# DATASET EXCERPT
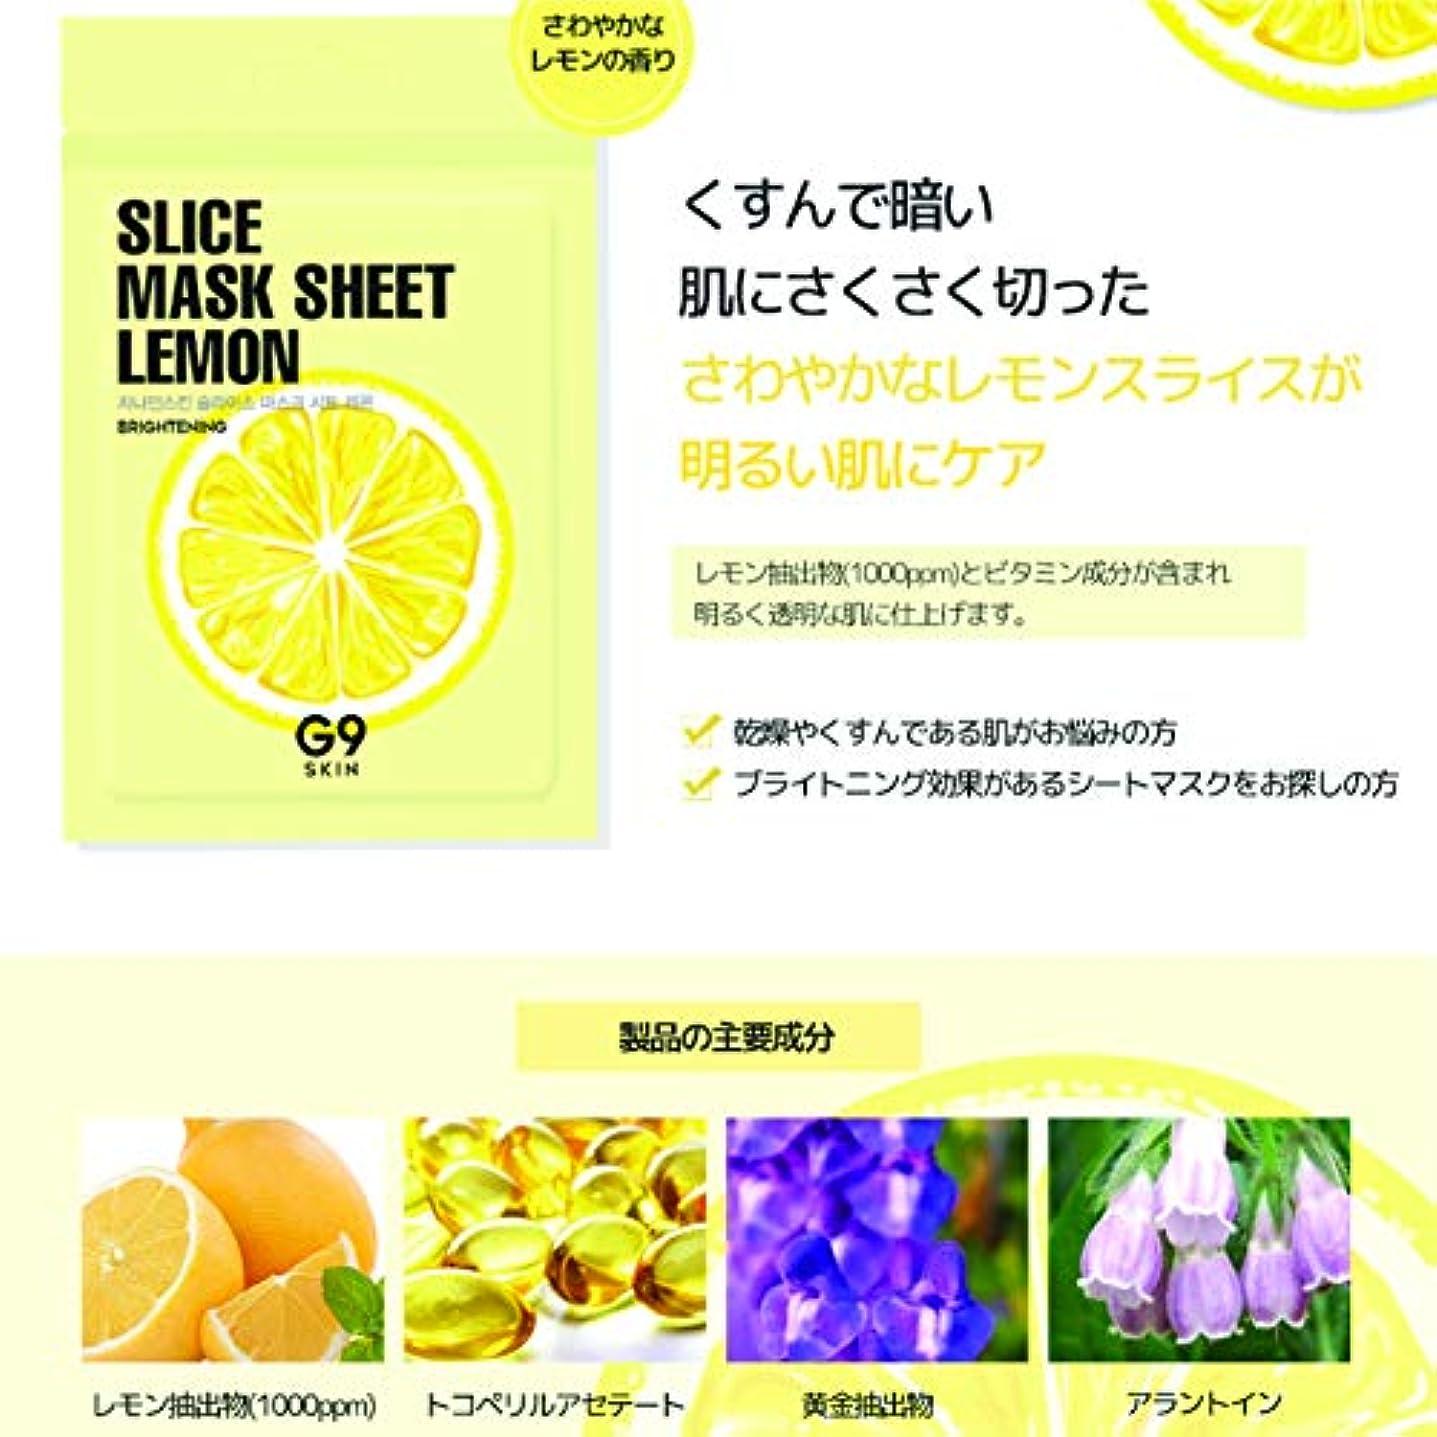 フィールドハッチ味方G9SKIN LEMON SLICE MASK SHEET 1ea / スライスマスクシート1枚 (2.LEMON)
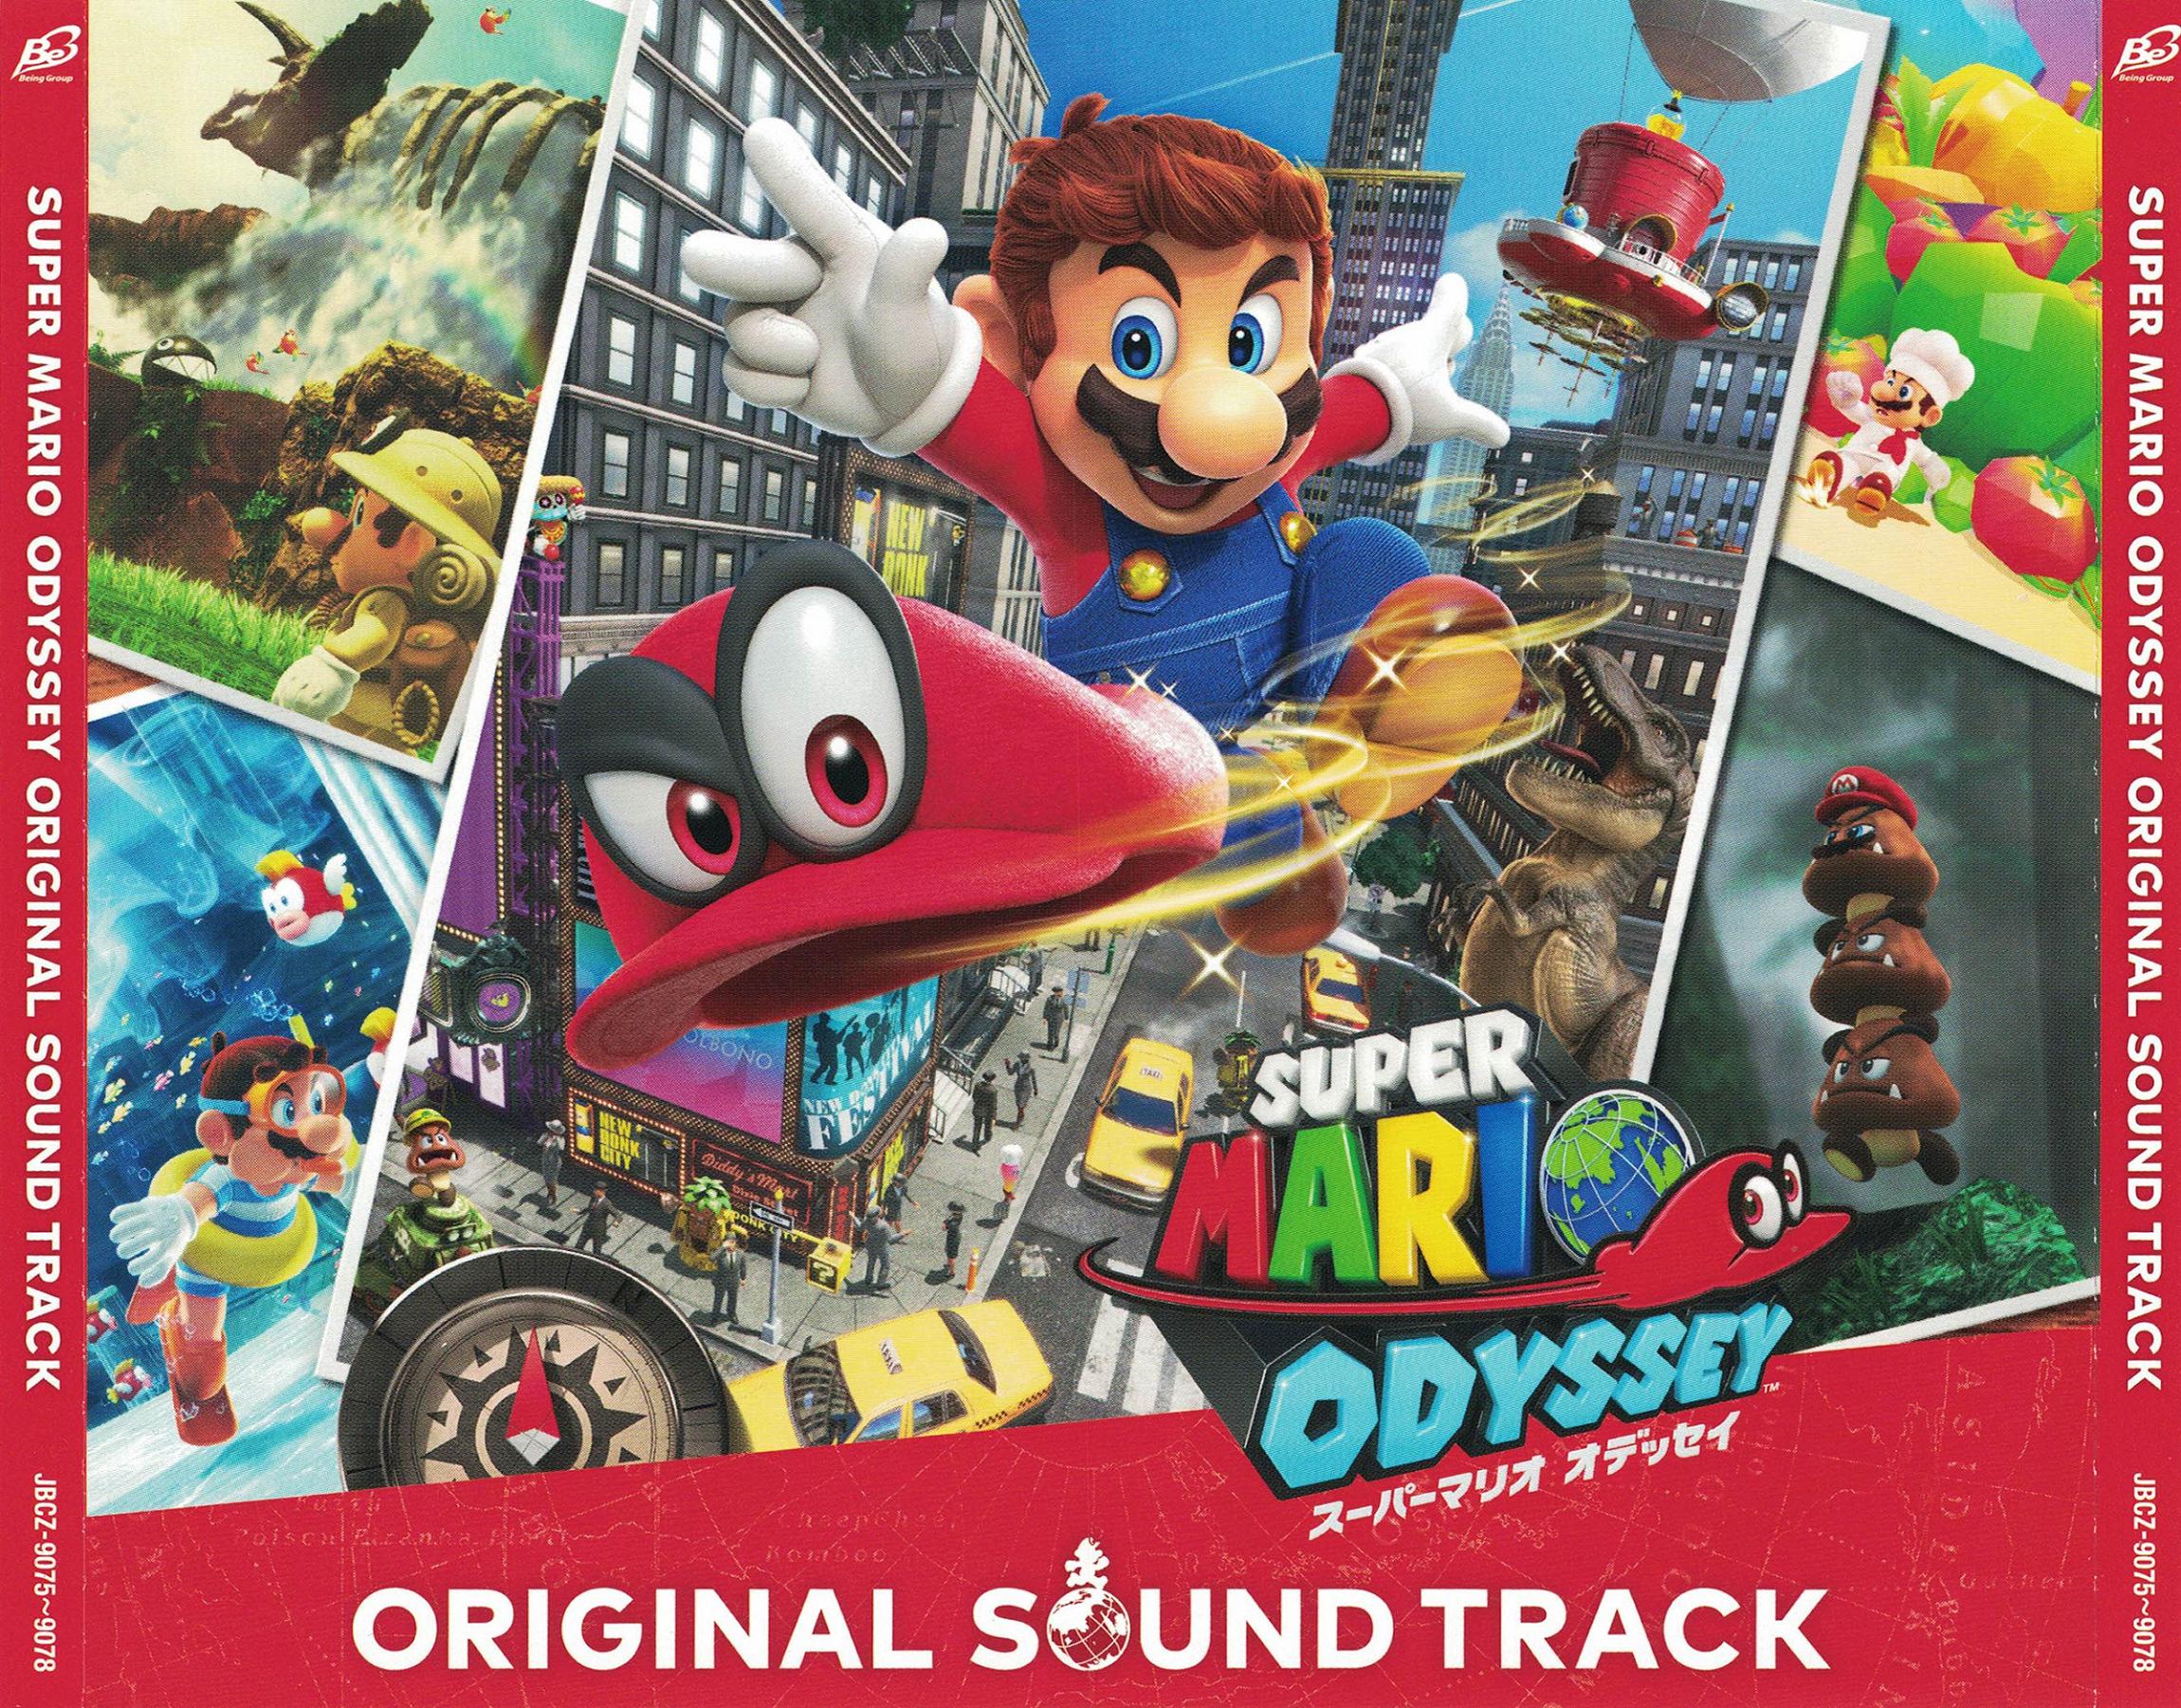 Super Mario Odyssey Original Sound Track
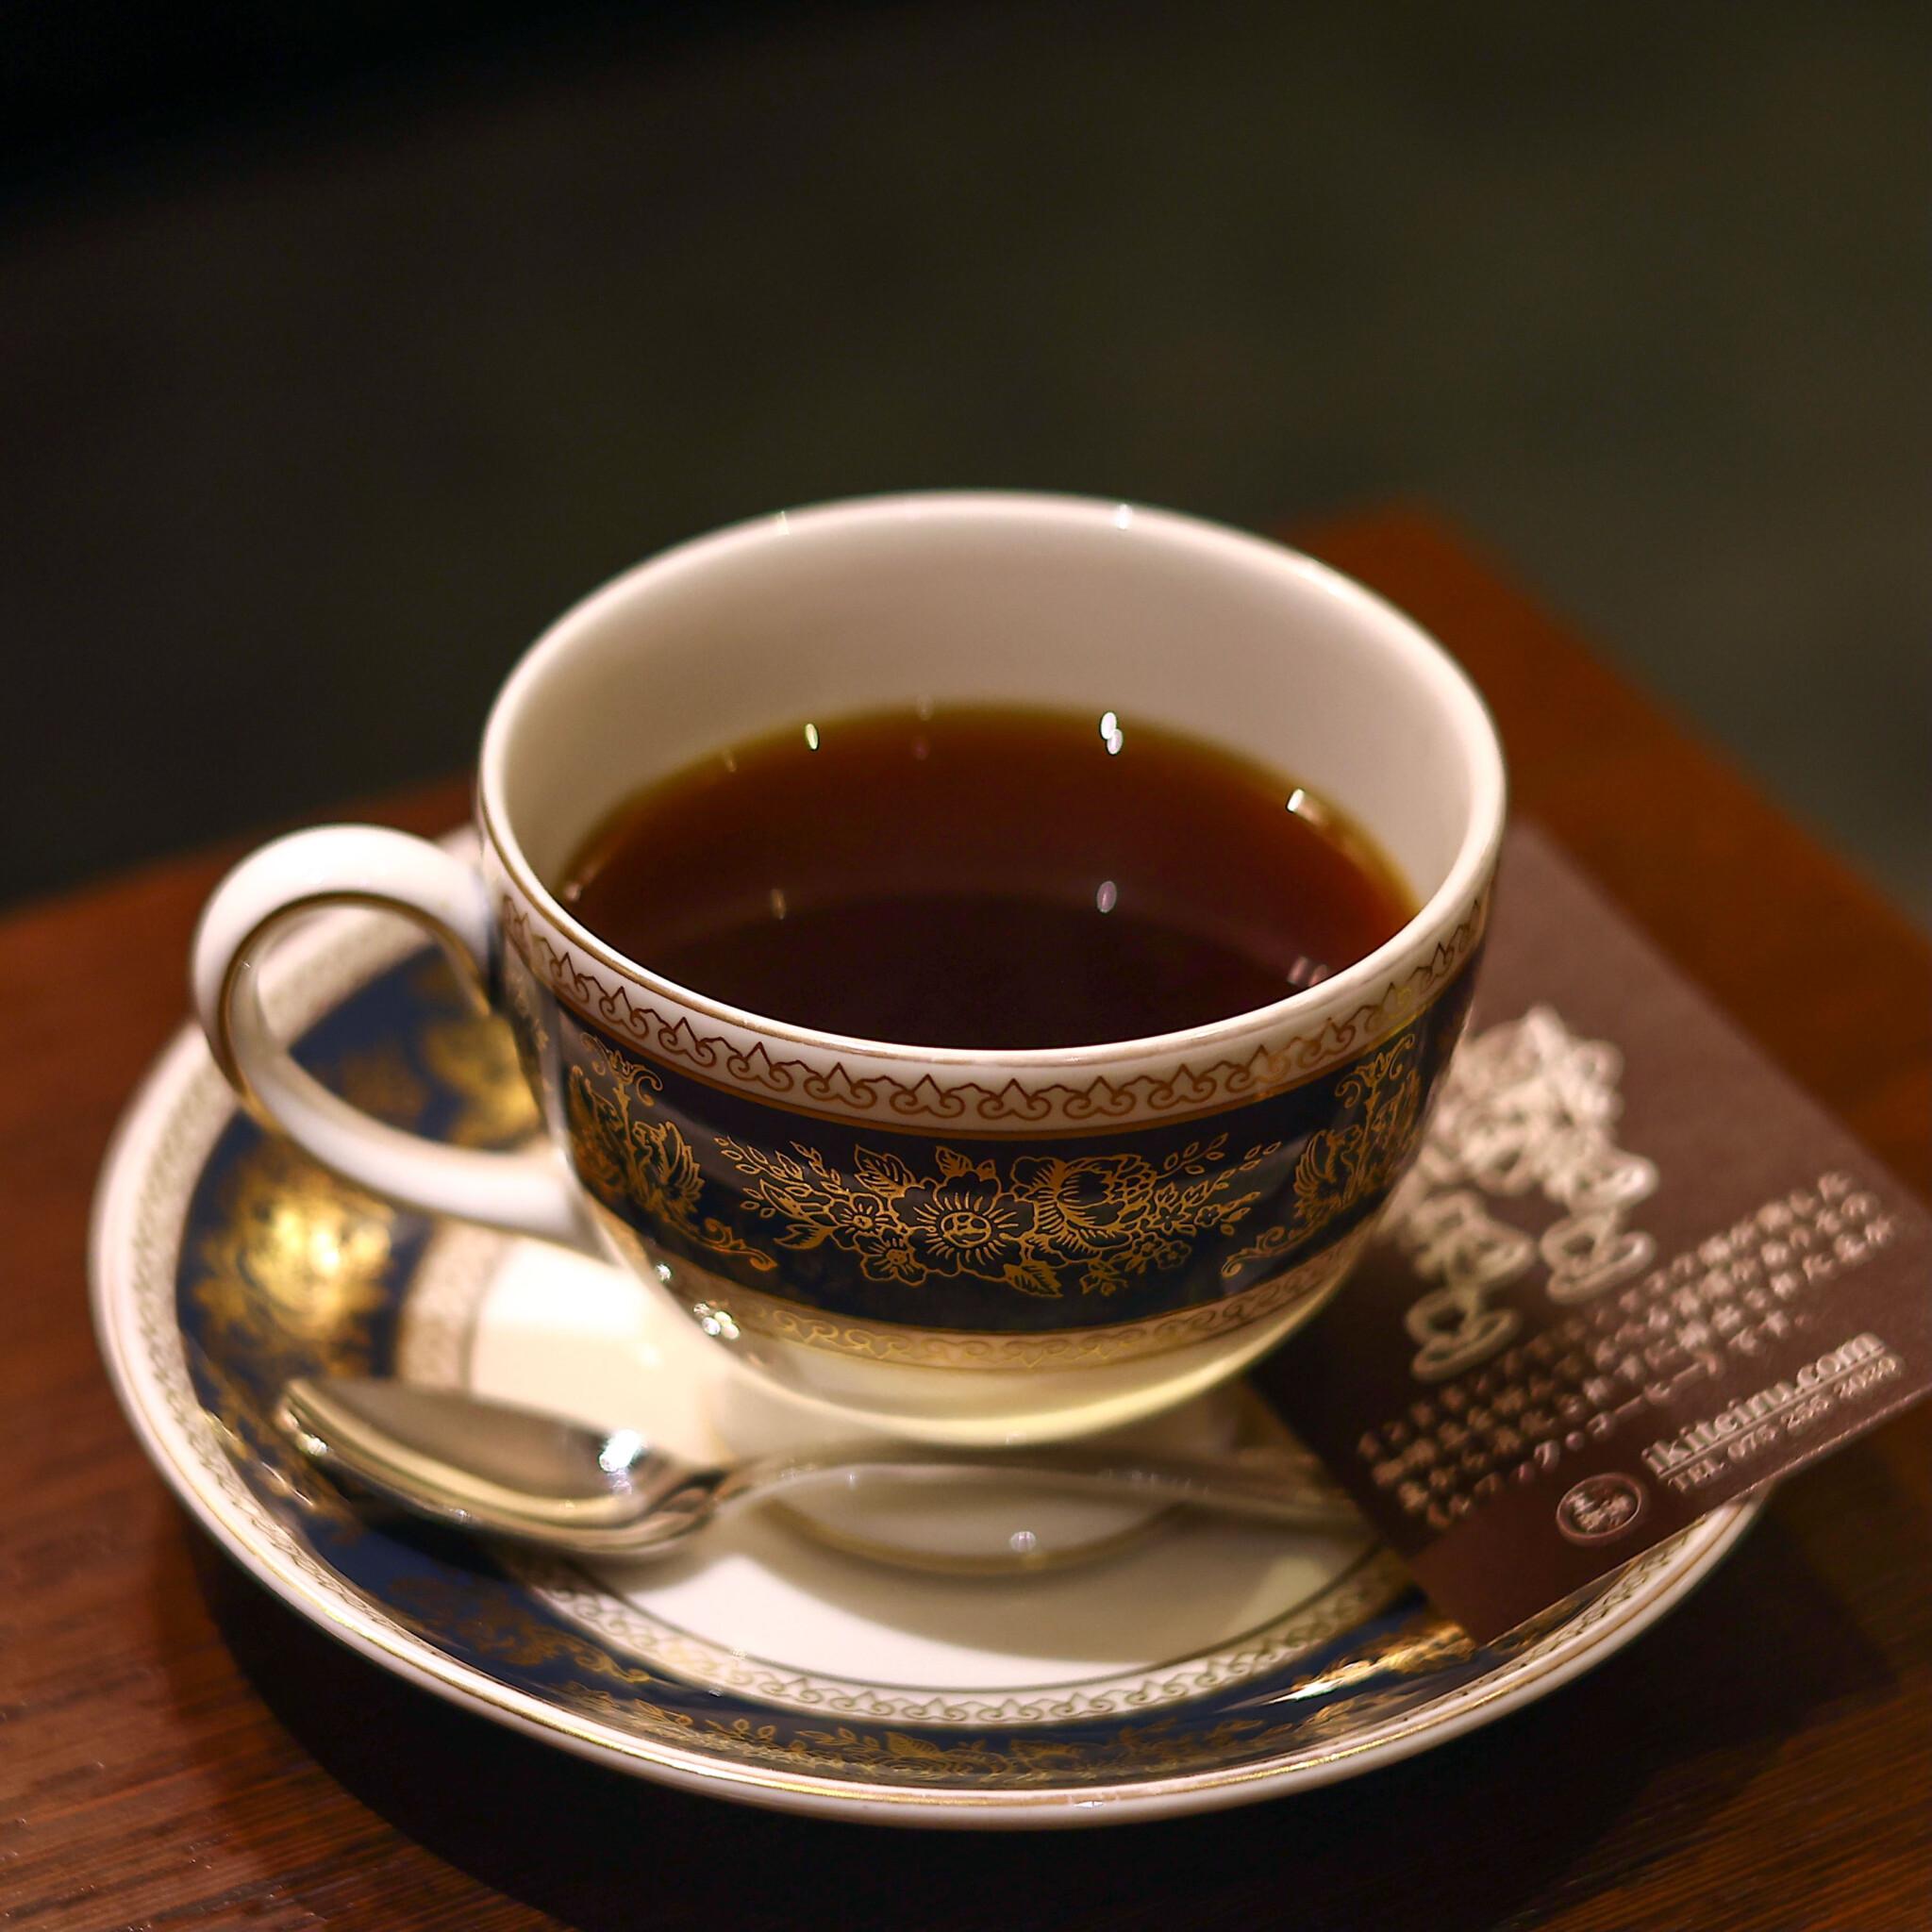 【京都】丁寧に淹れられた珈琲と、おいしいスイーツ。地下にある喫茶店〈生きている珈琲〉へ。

# WORK ORDER
If you see a picture in the listing, skip it while copying everything else exactly.

# EXERCISE RESULT
 フィールドハッチ味方G9SKIN LEMON SLICE MASK SHEET 1ea / スライスマスクシート1枚 (2.LEMON)
 Super Mario Odyssey Original Sound Track
 【京都】丁寧に淹れられた珈琲と、おいしいスイーツ。地下にある喫茶店〈生きている珈琲〉へ。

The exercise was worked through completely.